* RAW DATA:
•••

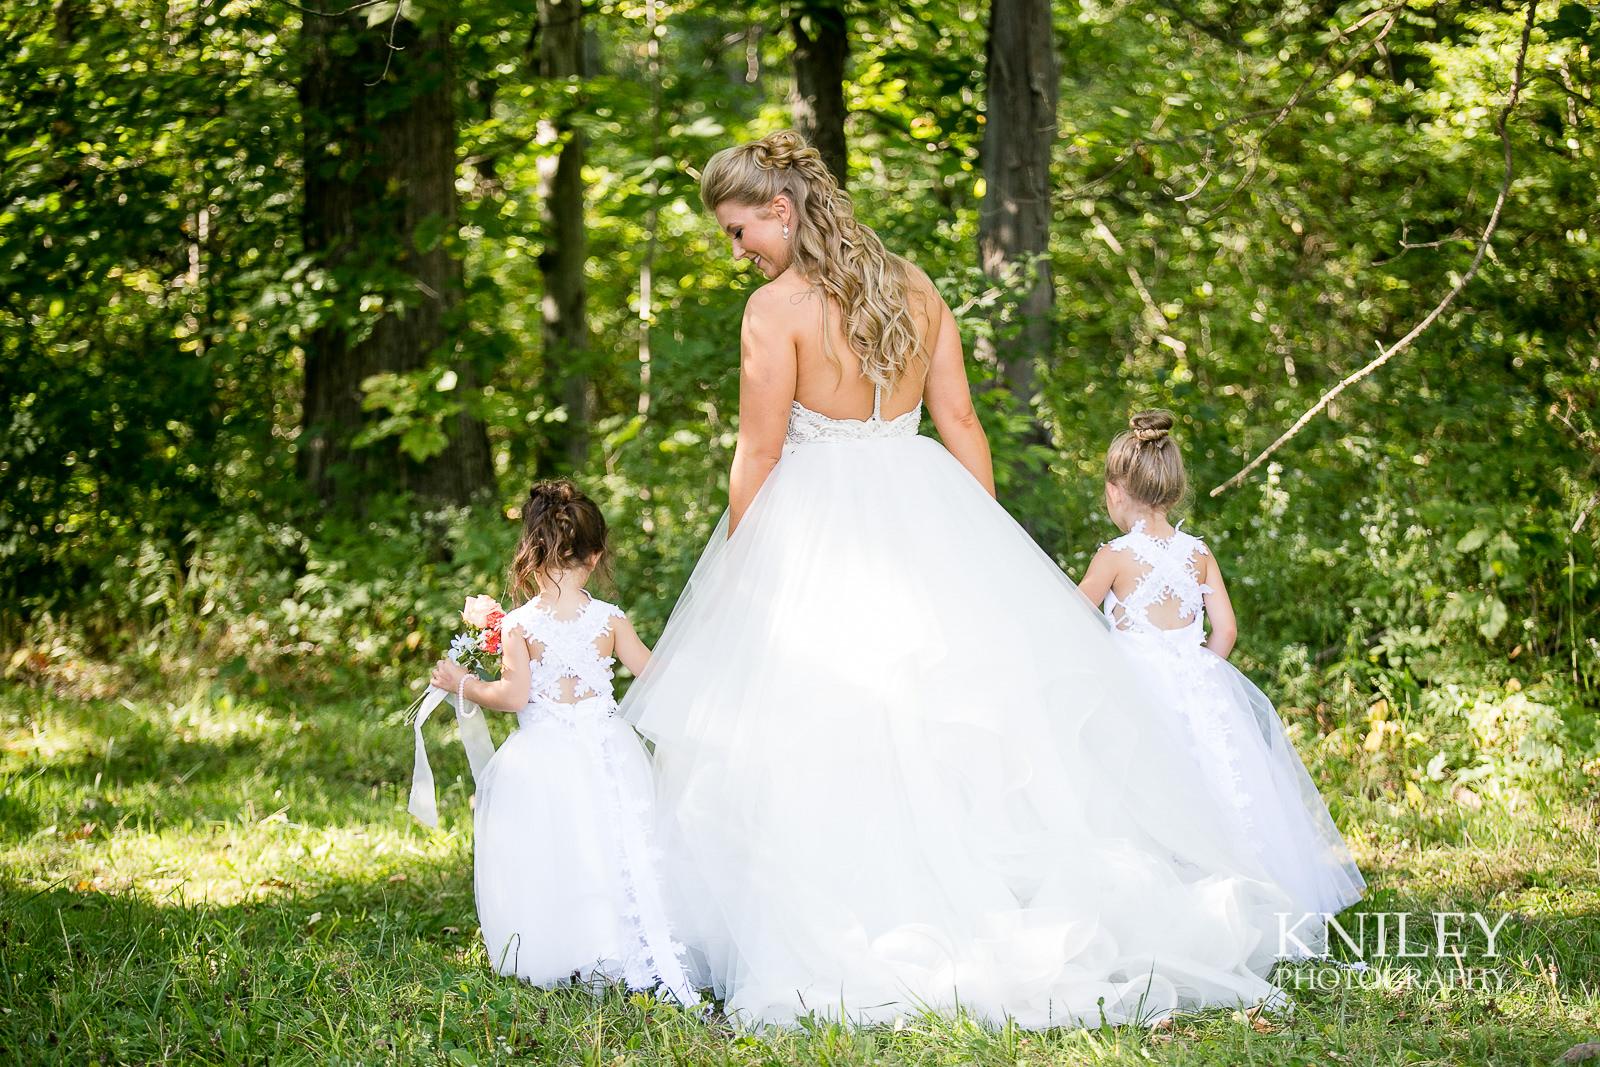 066 - Buffalo NY wedding pictures - IMG_8161.jpg
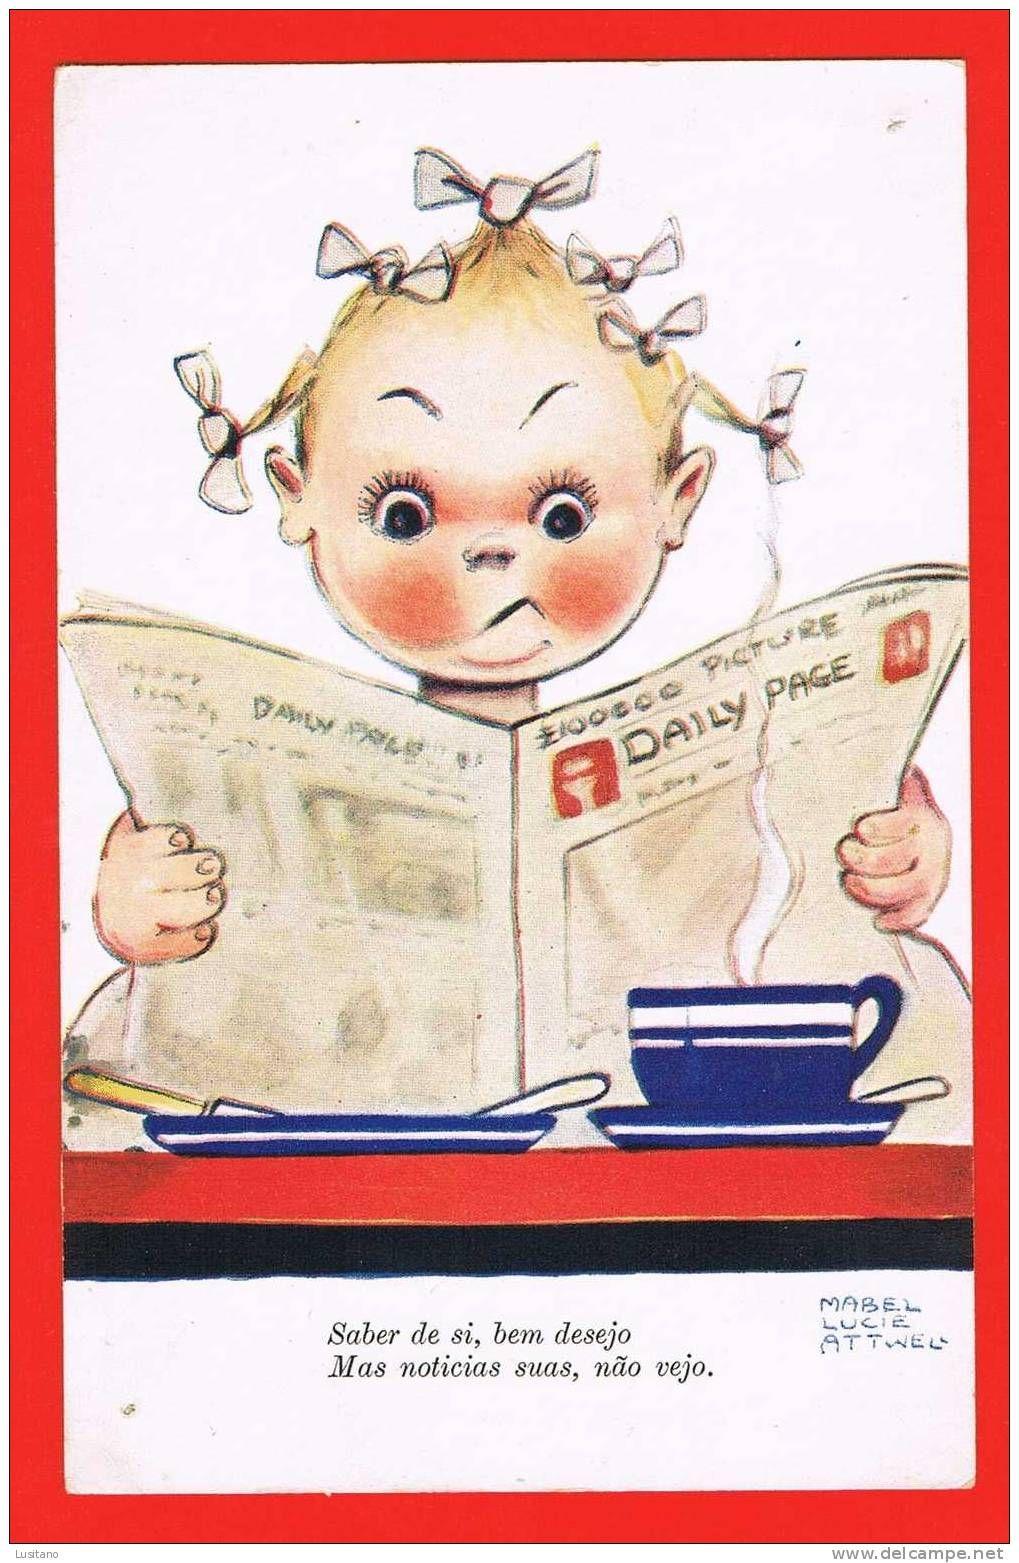 Mabel Lucie Attwell card( reminds me of Wiske by studio Willy Vandersteen)
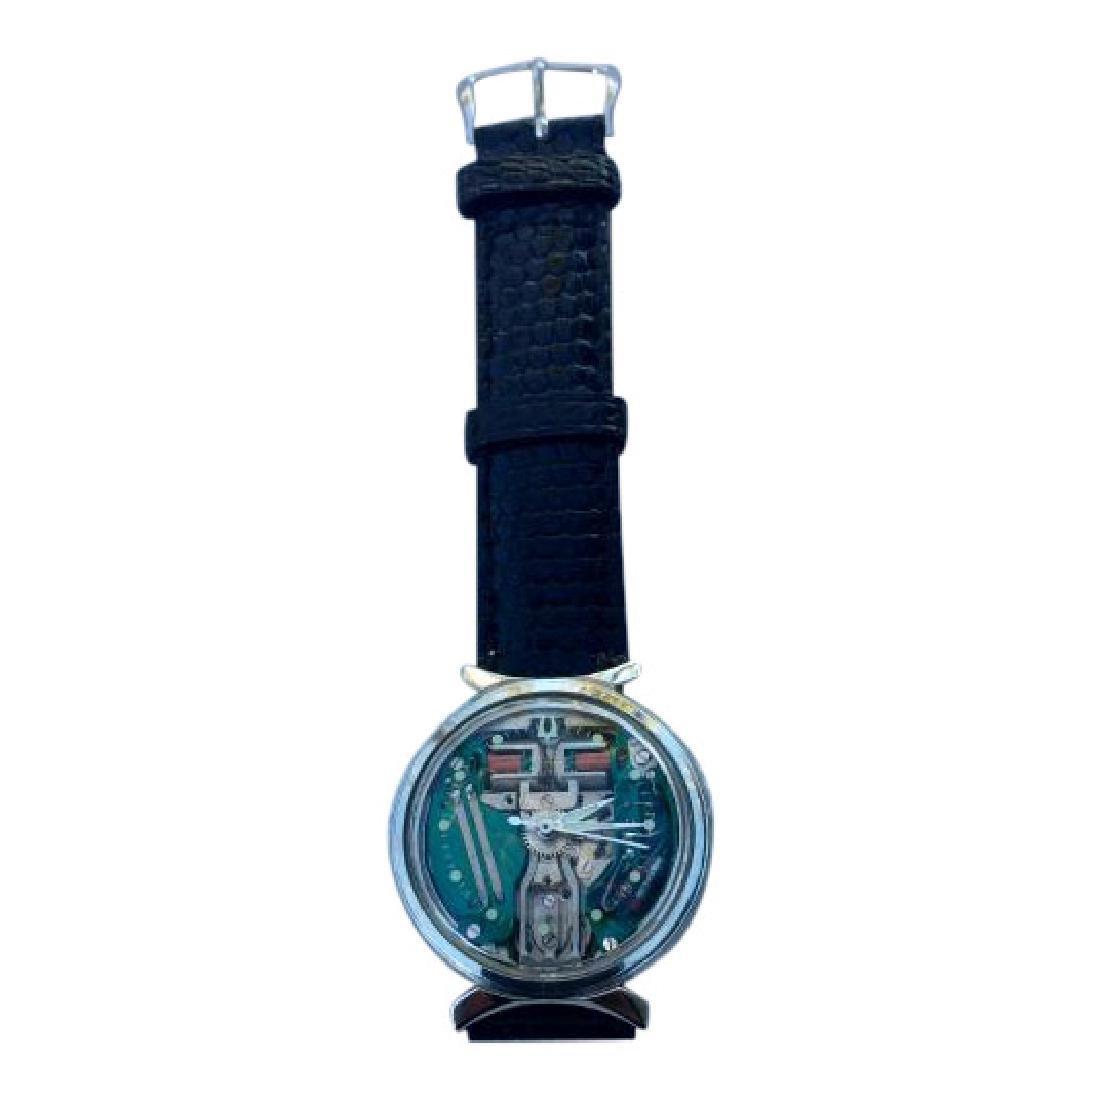 Vintage Bulova Accutron Spaceview Bowtie Watch, 1967
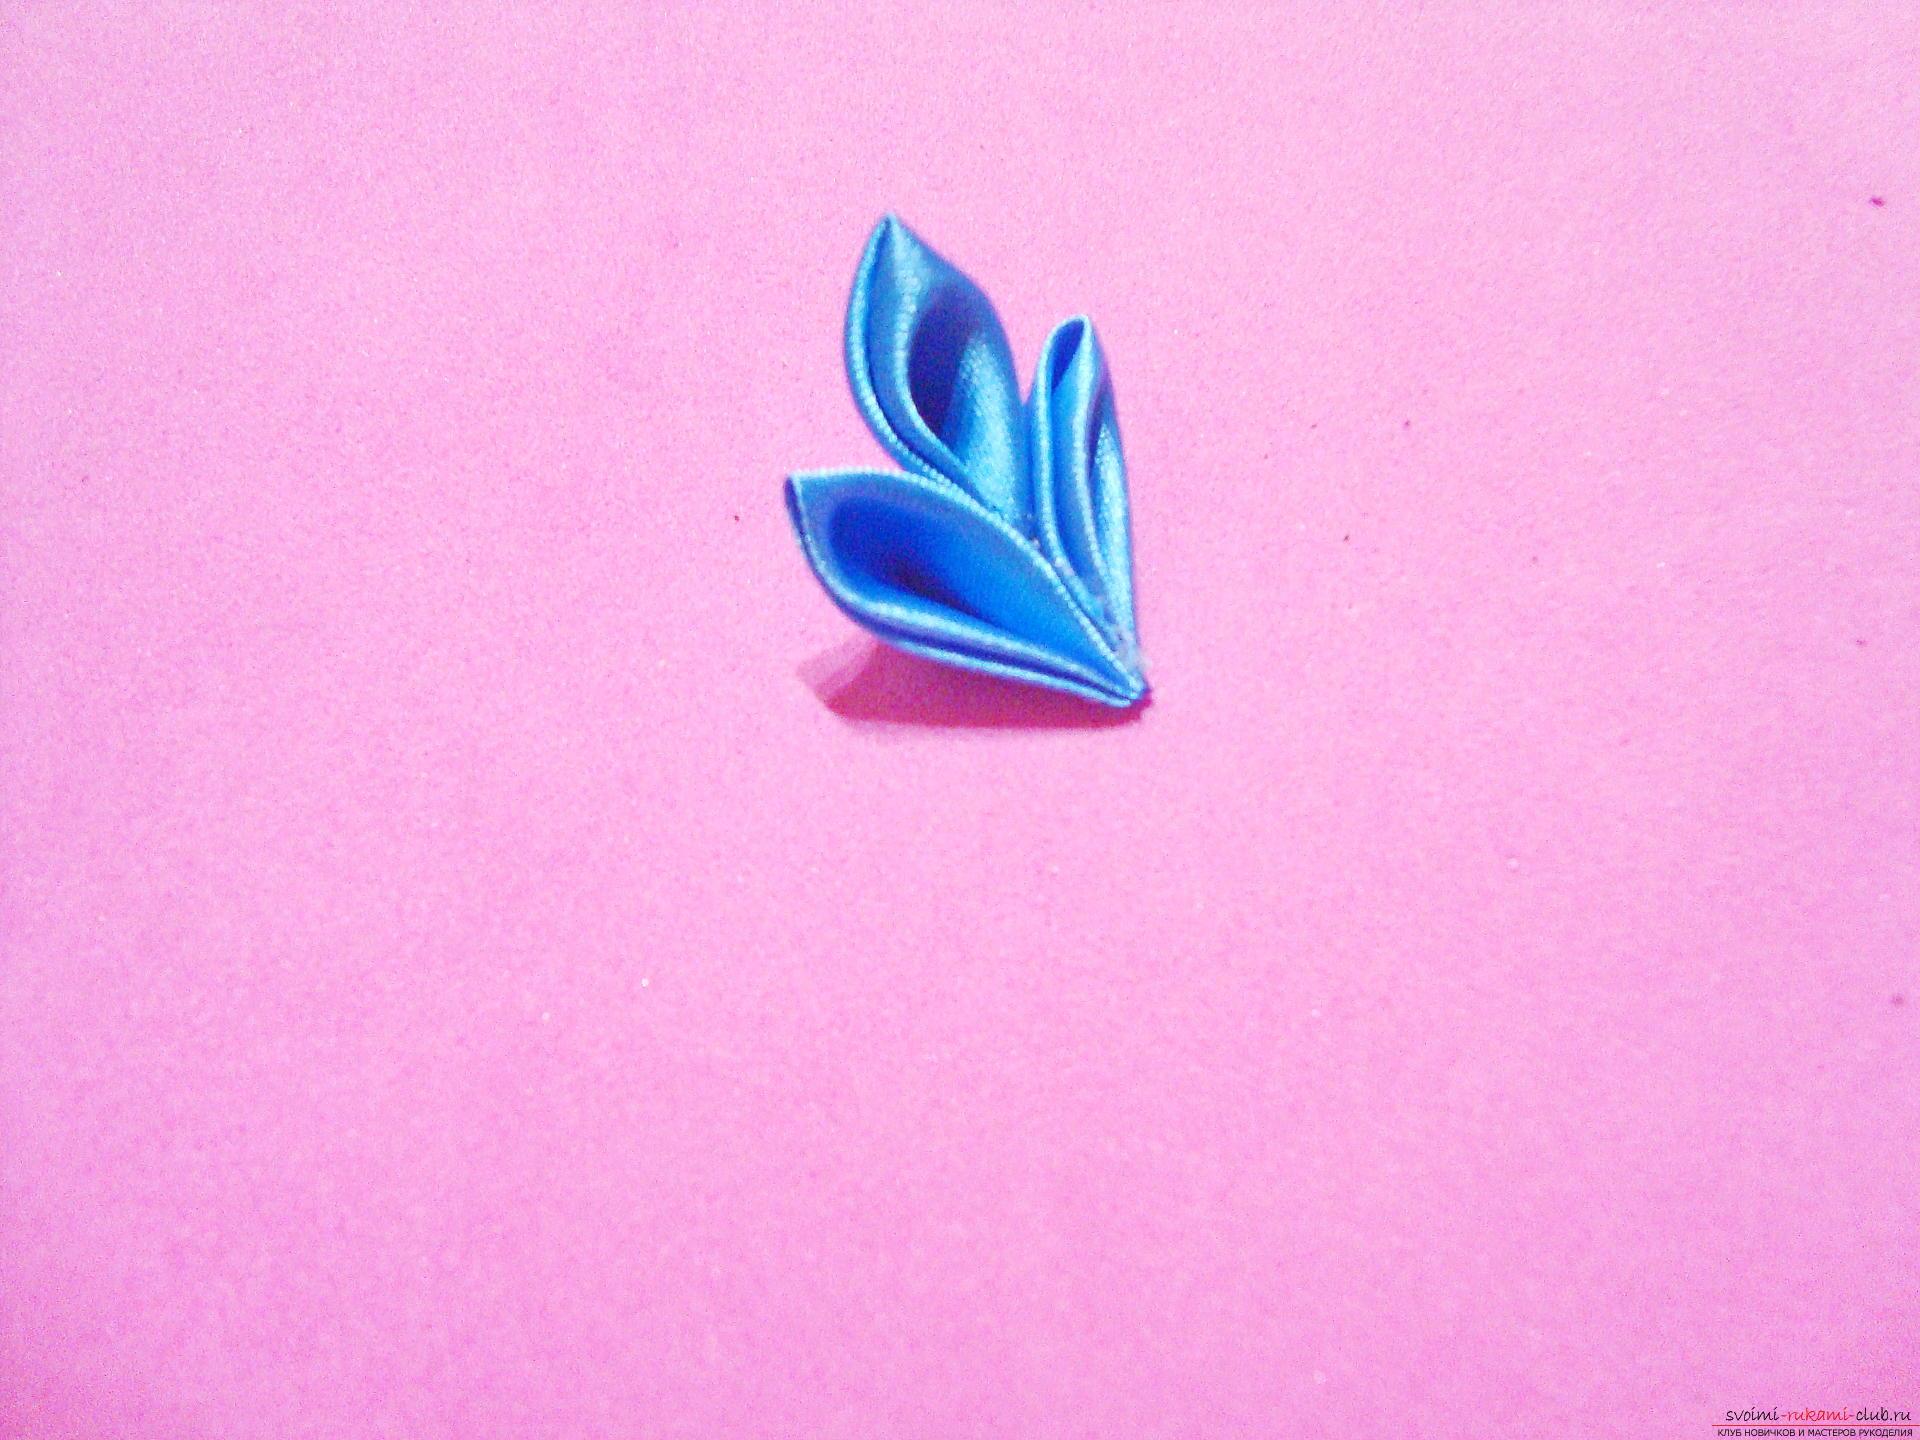 Фото инструкция по изготовлению заколки из лент голубого цвета в технике канзаши. Фото №13

•••

* ACTION ITEM: Could you print the data exactly as it appears and keep the pictures out?

* EXERCISE RESULT:
 066 - Buffalo NY wedding pictures - IMG_8161.jpg
 Mabel Lucie Attwell card( reminds me of Wiske by studio Willy Vandersteen)
 Vintage Bulova Accutron Spaceview Bowtie Watch, 1967
 Фото инструкция по изготовлению заколки из лент голубого цвета в технике канзаши. Фото №13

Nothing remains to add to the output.